STORED DATA below:

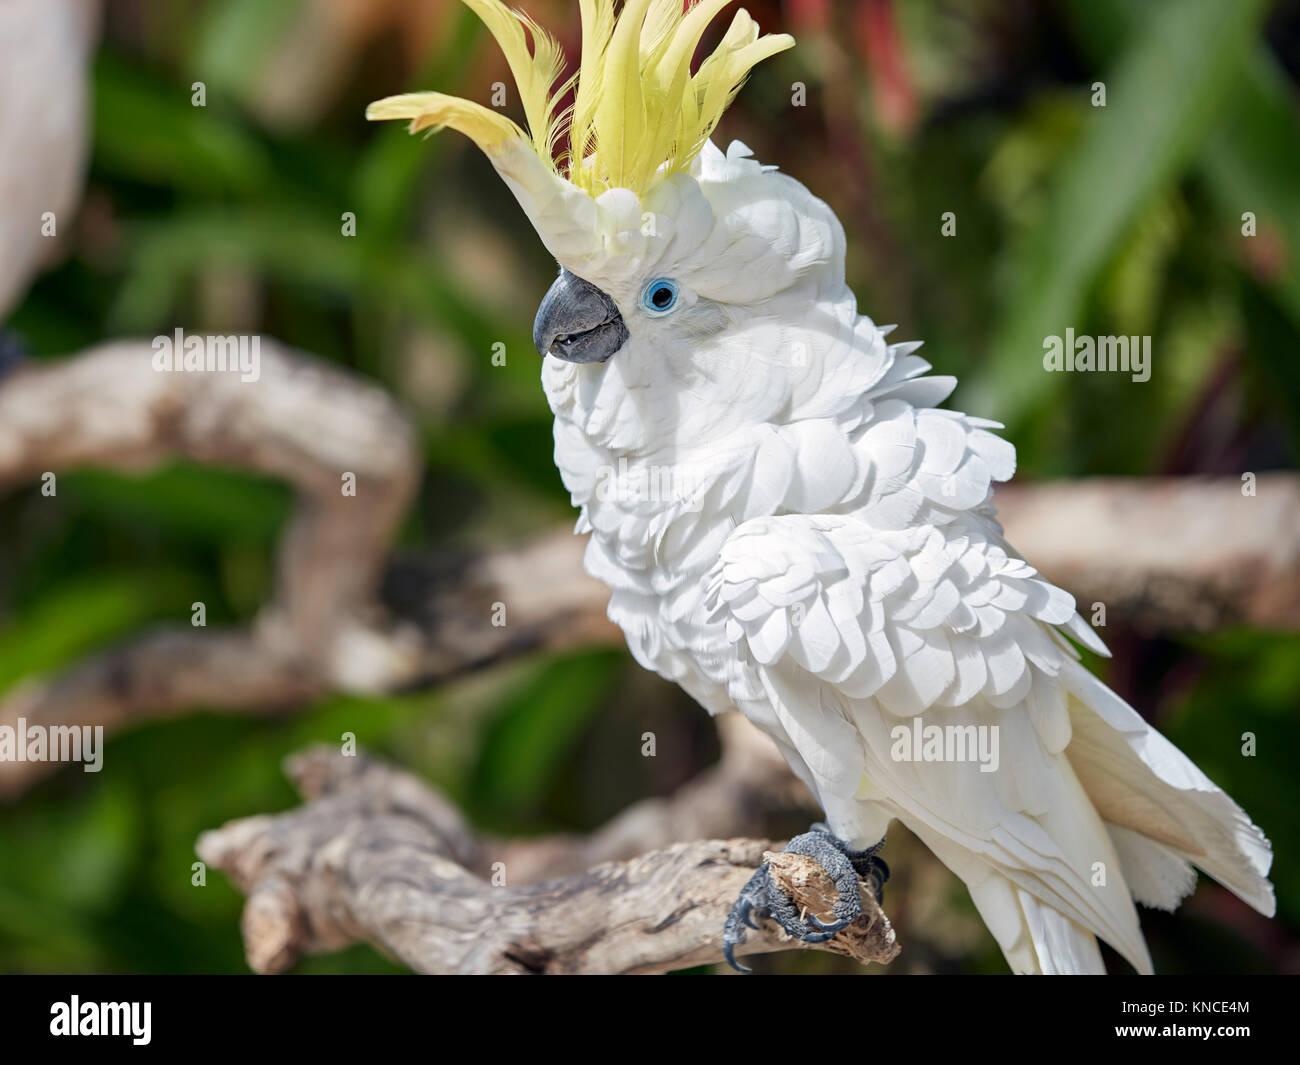 The Sulphur-Crested Cockatoo (Cacatua galerita). Bali Bird Park, Batubulan, Gianyar regency, Bali, Indonesia. - Stock Image
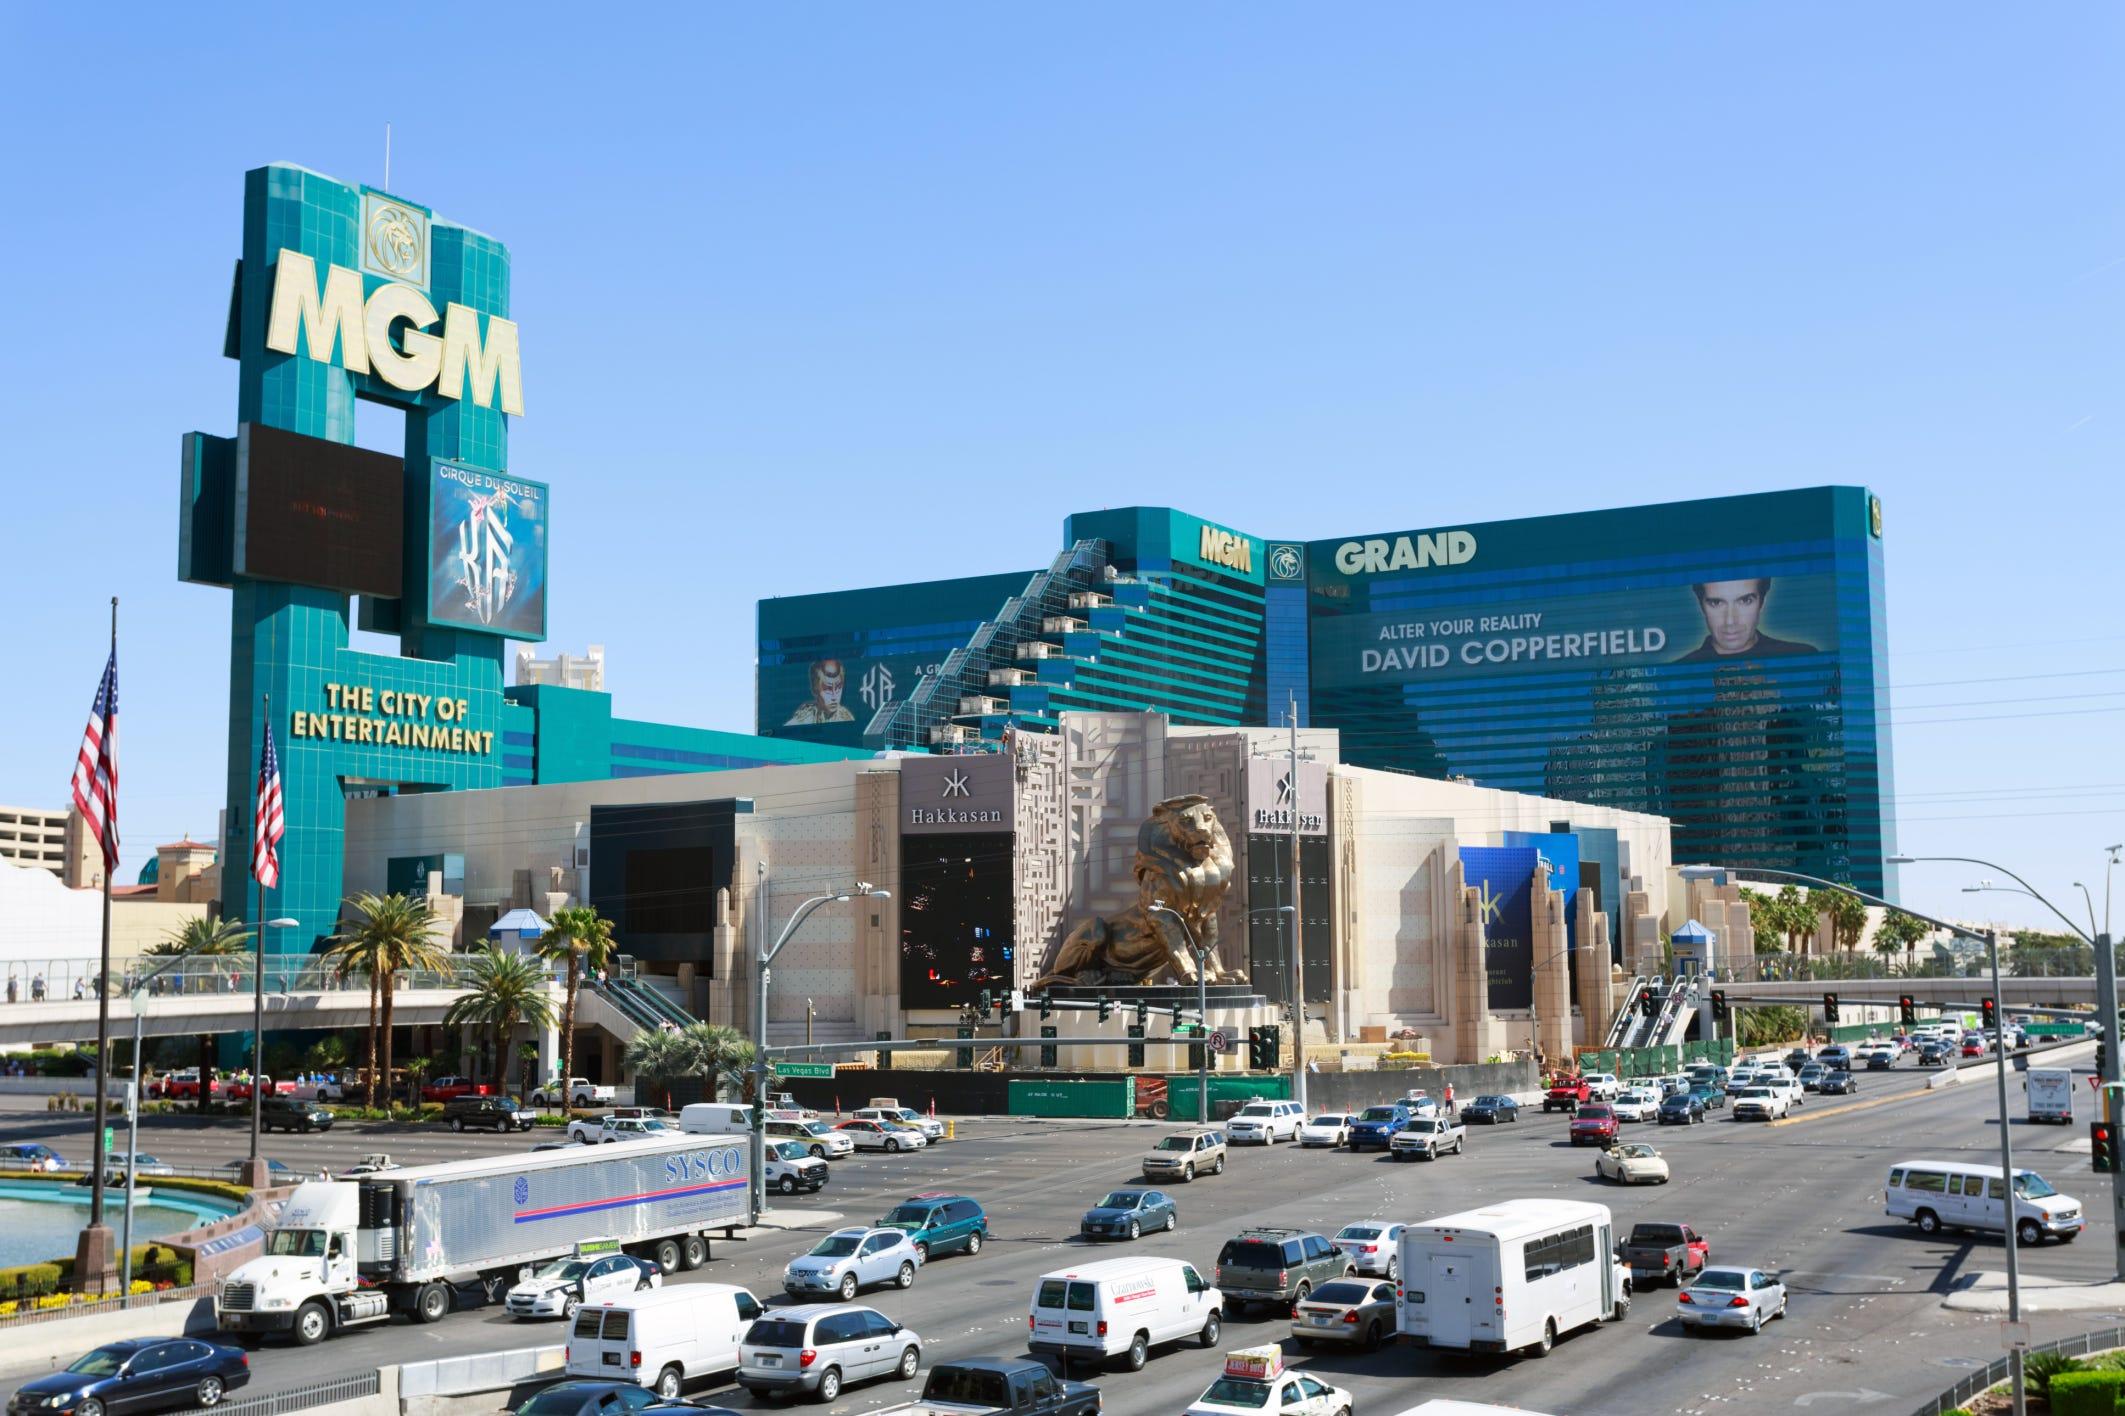 Mgm grand hotels and casino free bet casino no deposit
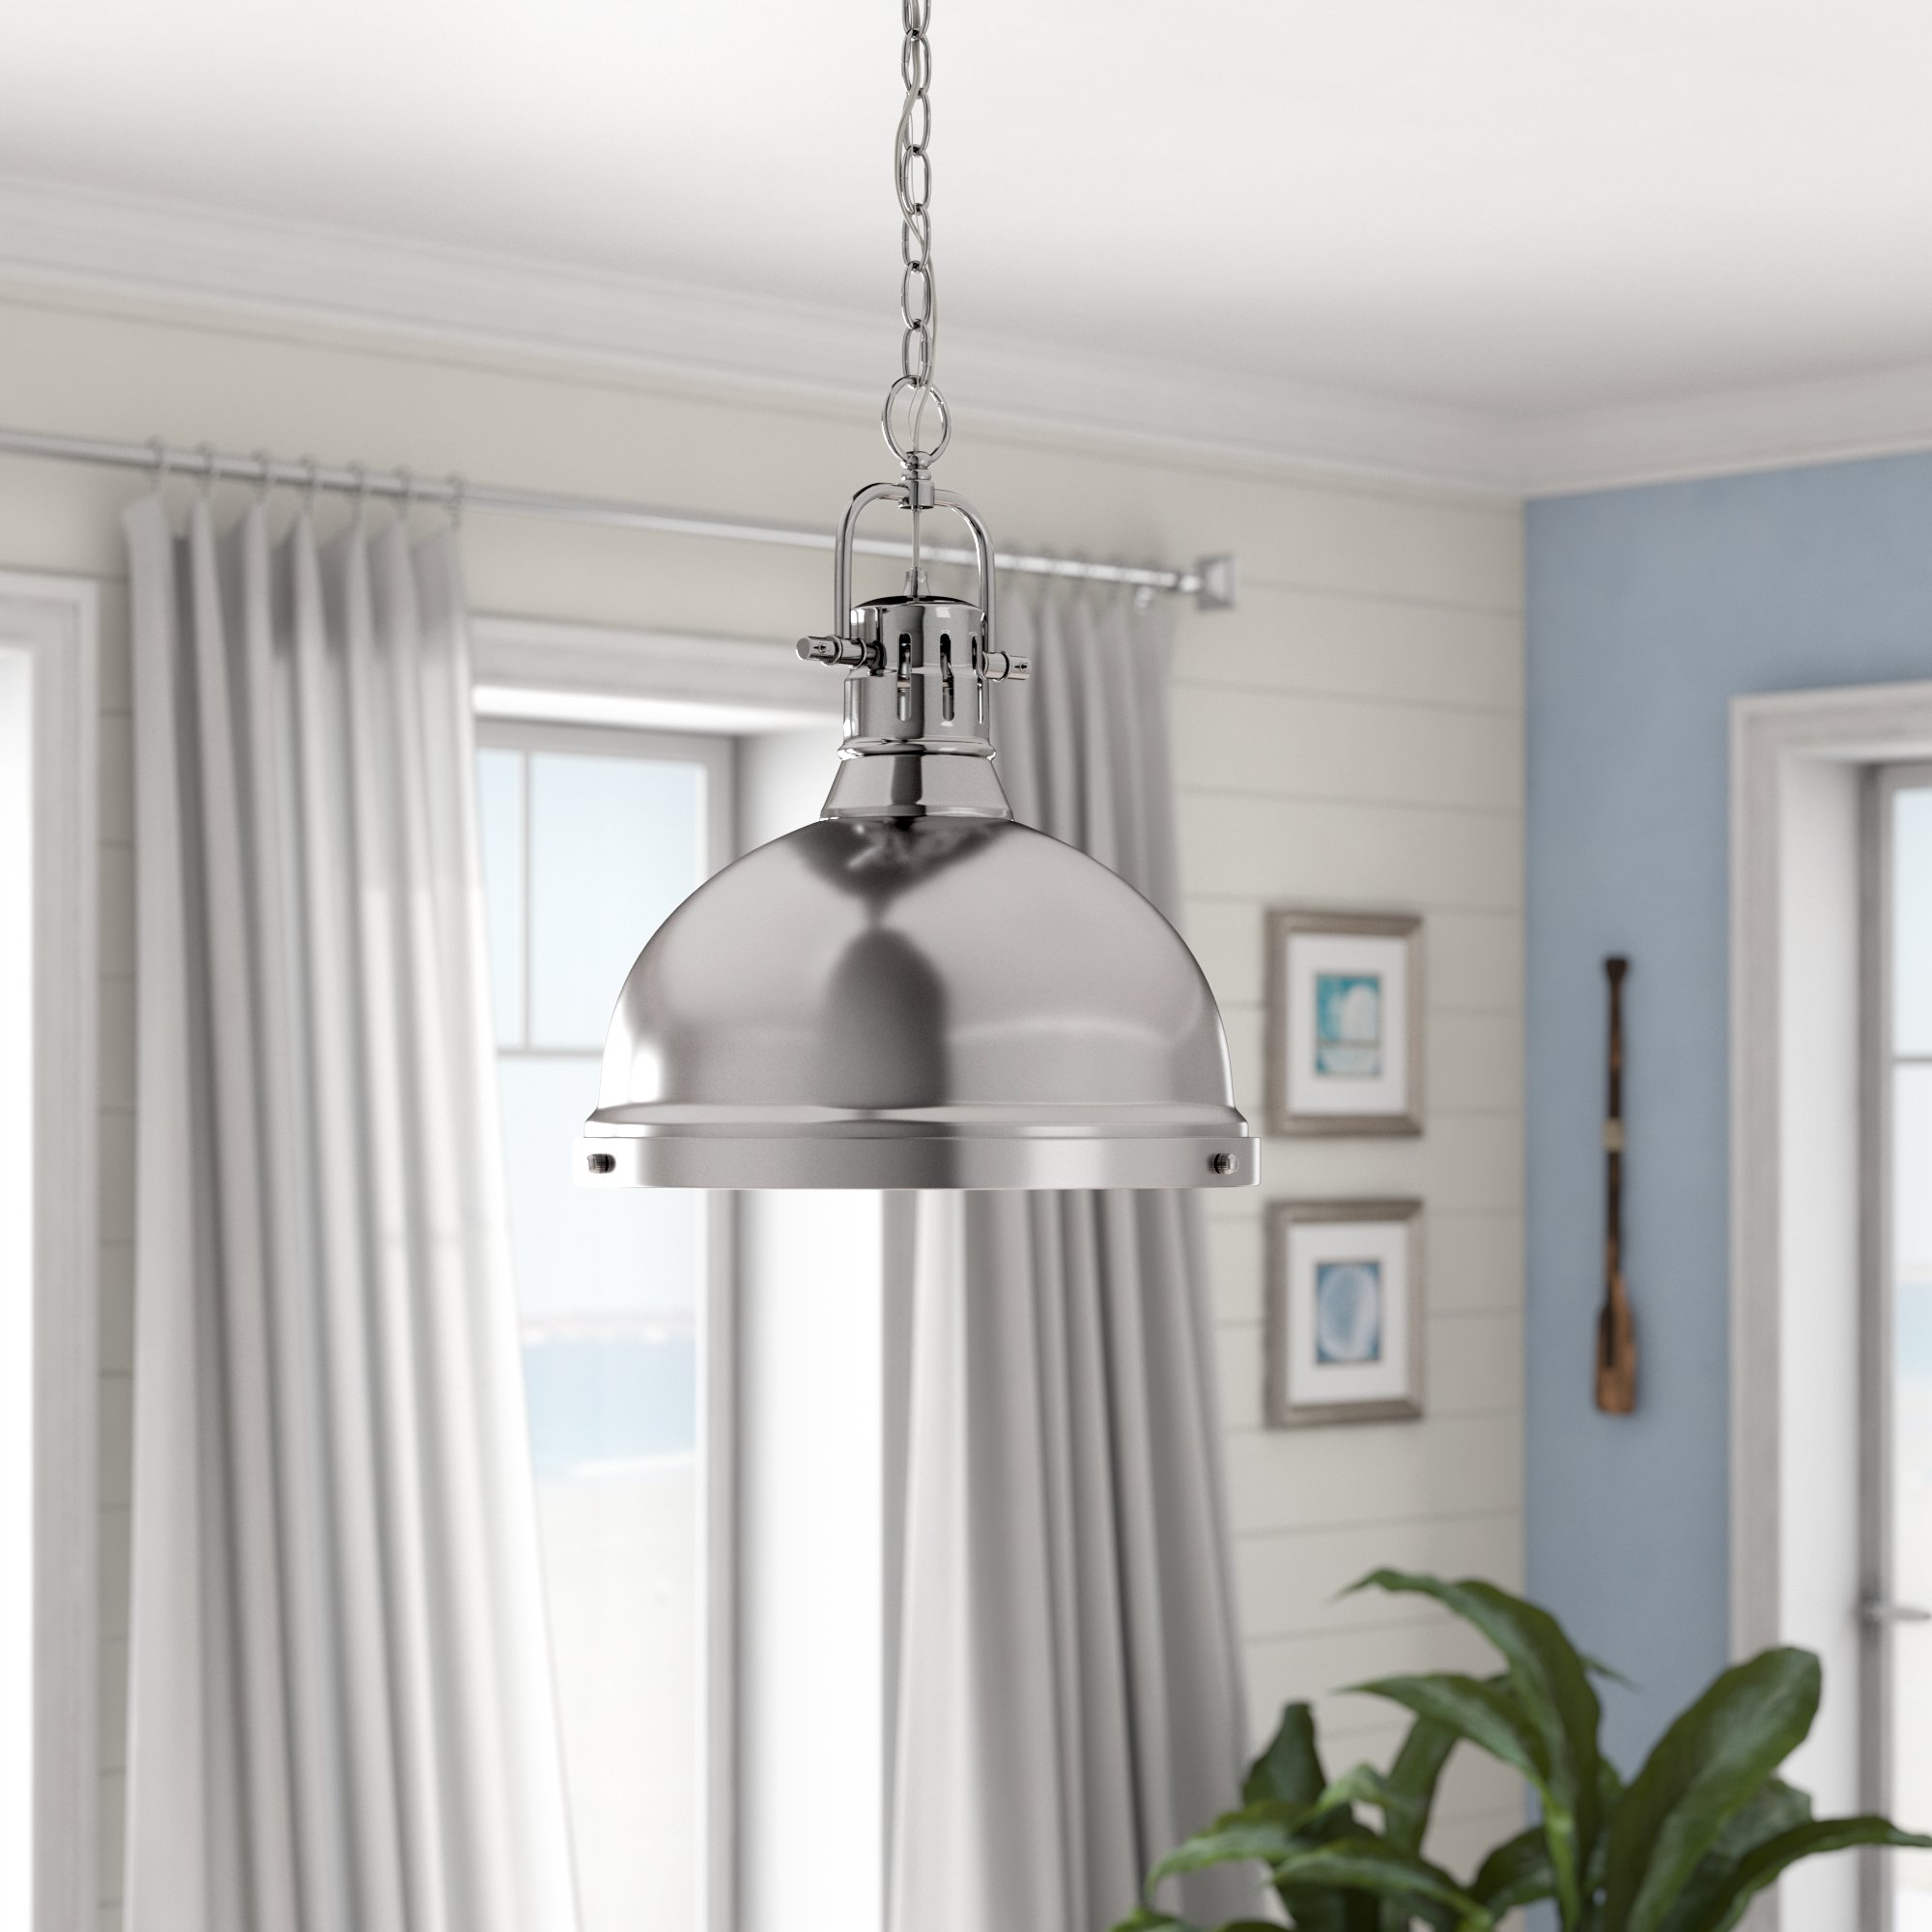 Bodalla 1 Light Single Bell Pendants With Newest Bodalla 1 Light Single Dome Pendant (View 8 of 20)

End of STORED DATA.

### GOAL OF THE EXERCISE
Restate the listing word for word, pictures excluded.

### PROBLEM SOLUTION
 The Sulphur-Crested Cockatoo (Cacatua galerita). Bali Bird Park, Batubulan, Gianyar regency, Bali, Indonesia. - Stock Image
 Mgm grand hotels and casino free bet casino no deposit
 Bodalla 1 Light Single Bell Pendants With Newest Bodalla 1 Light Single Dome Pendant (View 8 of 20)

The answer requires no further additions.